Berdasarkan model visualisasi terintegrasi multifase dan multifisika yang disebutkan di atas, dimungkinkan untuk lebih jauh mengeksplorasi dampak elemen atau variabel individual pada distribusi muatan, pengangkutan gas, dan distribusi air dengan memisahkan faktor-faktor ini. Ini dapat dicapai dengan memodifikasi “cacat” morfologis selama segmentasi, yang memungkinkan ekstraksi dan penyesuaian elemen atau variabel tunggal. Melalui pendekatan ini, pengaruh setiap faktor yang terisolasi pada medan fisik dan kinerja keseluruhan dapat diselidiki secara sistematis. Karena CT adalah teknik pencitraan tomografi, penyesuaian pada segmentasi setiap irisan 2D individual dapat digunakan untuk memodifikasi keseluruhan struktur 3D. Ini memungkinkan perubahan atau penghapusan langkah demi langkah dari setiap “cacat” morfologis tertentu. Seperti yang diilustrasikan dalam Gambar 4 , pemisahan dapat dicapai dengan menugaskan kembali wilayah seperti pori-pori membran, retakan katalis, dan migrasi katalis. Proses ini memungkinkan pembentukan model yang terkait, tetapi dimodifikasi secara khusus: ① model asli, “② tidak ada pori-pori membran,” “③ tidak ada retakan katalis,” dan “④ tidak ada migrasi katalis”. Selain itu, model yang diberi nama “⑤ flat membran” dan “⑥ campuran fase Shrink” telah dibuat. Proses pembuatan model cacat terisolasi ini, bersama dengan perubahan struktural dan perubahan kondisi, dirinci dalam Tabel 1. Model-model ini disempurnakan dengan memodifikasi struktur 3D melalui penyesuaian irisan demi irisan pada gambar penampang melintang. Informasi yang lebih terperinci disediakan dalam Gambar S6–S10 (Informasi Pendukung). Model-model yang menggabungkan cacat juga diproduksi. Ini akan dijelaskan kemudian tetapi juga dicantumkan dalam Tabel 1 untuk kelengkapan.

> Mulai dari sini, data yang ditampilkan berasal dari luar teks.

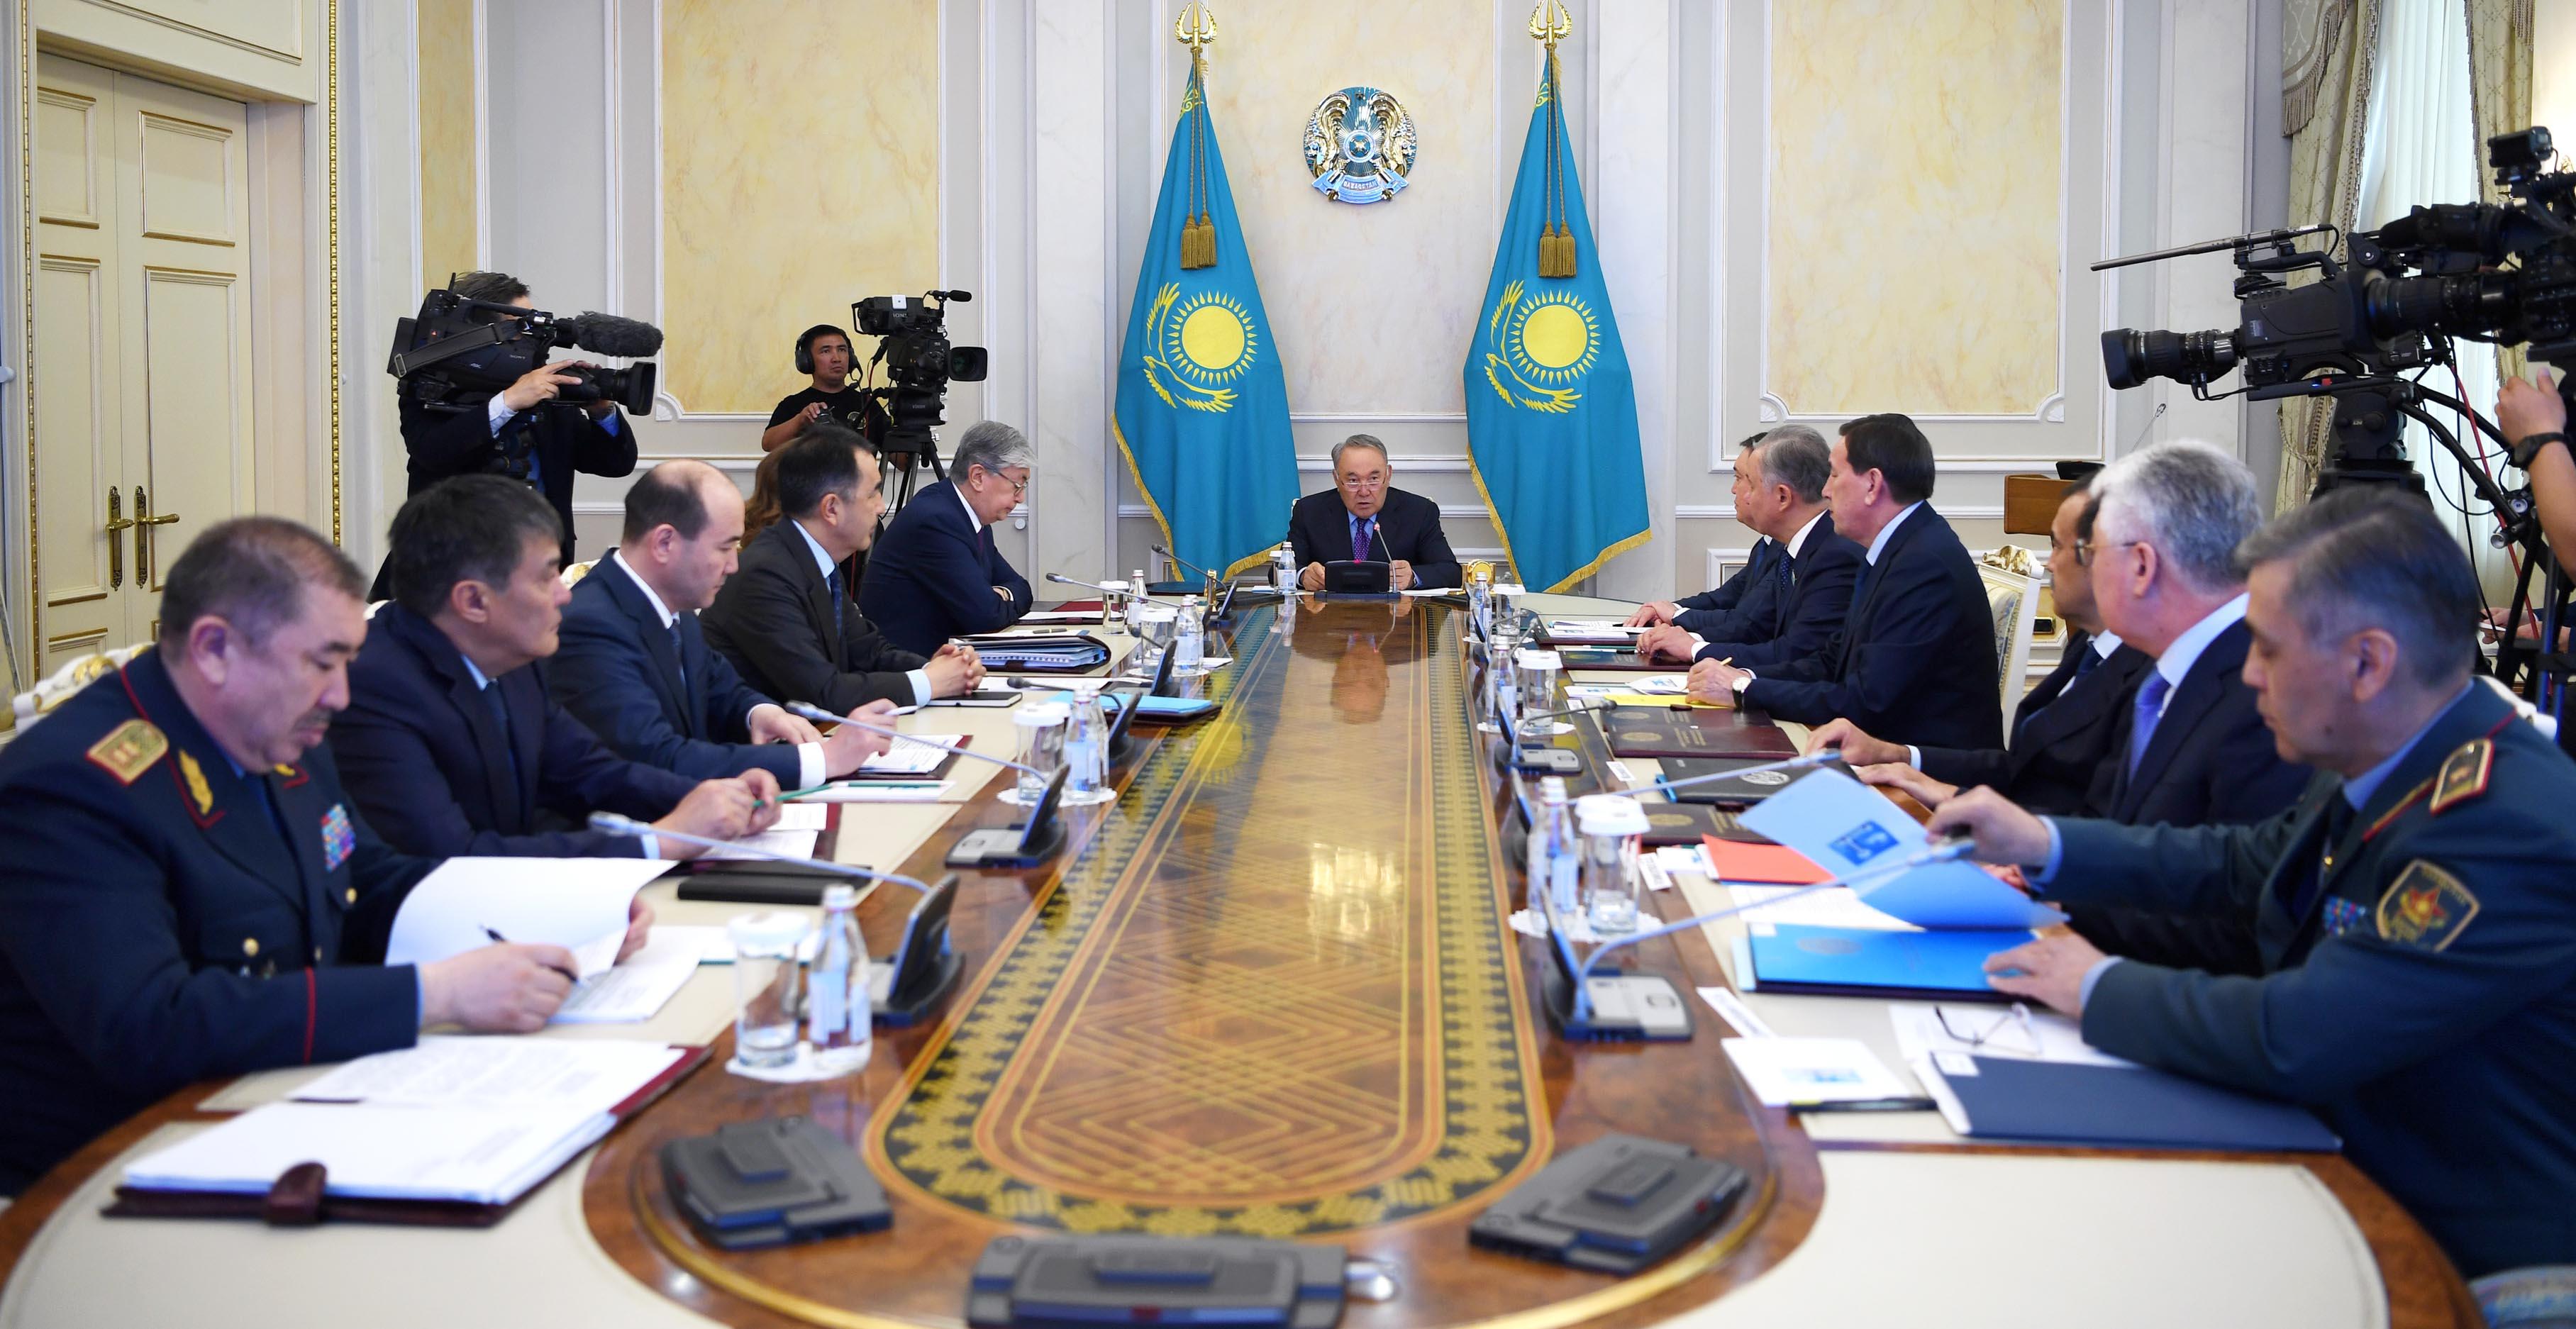 Назарбаев высказался о ЧП в Арыси на заседании Совбеза

Simulasi berbasis elektrokimia memungkinkan karakterisasi distribusi potensial dan arus dalam MEA pada berbagai tegangan keluaran, seperti yang digambarkan pada Gambar 5a dan Video S1 (Informasi Pendukung). Pendekatan ini memfasilitasi derivasi kurva polarisasi dan kurva kerapatan daya. Kurva polarisasi tersimulasi untuk MEA berdasarkan membran PVP-PES setelah AST, serta untuk model yang dipisahkan dengan “cacat” morfologi individual, disajikan pada Gambar 5b . Yang penting, sementara kurva polarisasi dan kerapatan daya tersimulasi tidak sepenuhnya cocok dengan data eksperimen, mereka menunjukkan karakteristik yang serupa, keduanya menunjukkan penurunan OCV karena persilangan hidrogen. Perbandingan antara kurva polarisasi tersimulasi dan eksperimental (Gambar S11 , Informasi Pendukung) menunjukkan korelasi yang kuat, yang mencerminkan kemampuan model dalam memperkirakan perilaku multifase dan multifisika MEA setelah AST. Sementara model secara efektif menangkap tren utama, penyimpangan kecil tetap ada karena faktor-faktor seperti ukuran domain komputasi. Meskipun demikian, hasil ini menunjukkan bahwa sifat struktural dan transportasi yang diekstraksi dari model berbasis CT memberikan dasar representatif untuk prediksi kinerja elektrokimia. Selain itu, meskipun model tersebut tidak secara eksplisit menyertakan kontribusi impedansi dari pelat medan aliran, kabel, dan komponen eksternal lainnya, dampaknya terhadap kinerja keseluruhan tampaknya minimal dalam domain yang disimulasikan.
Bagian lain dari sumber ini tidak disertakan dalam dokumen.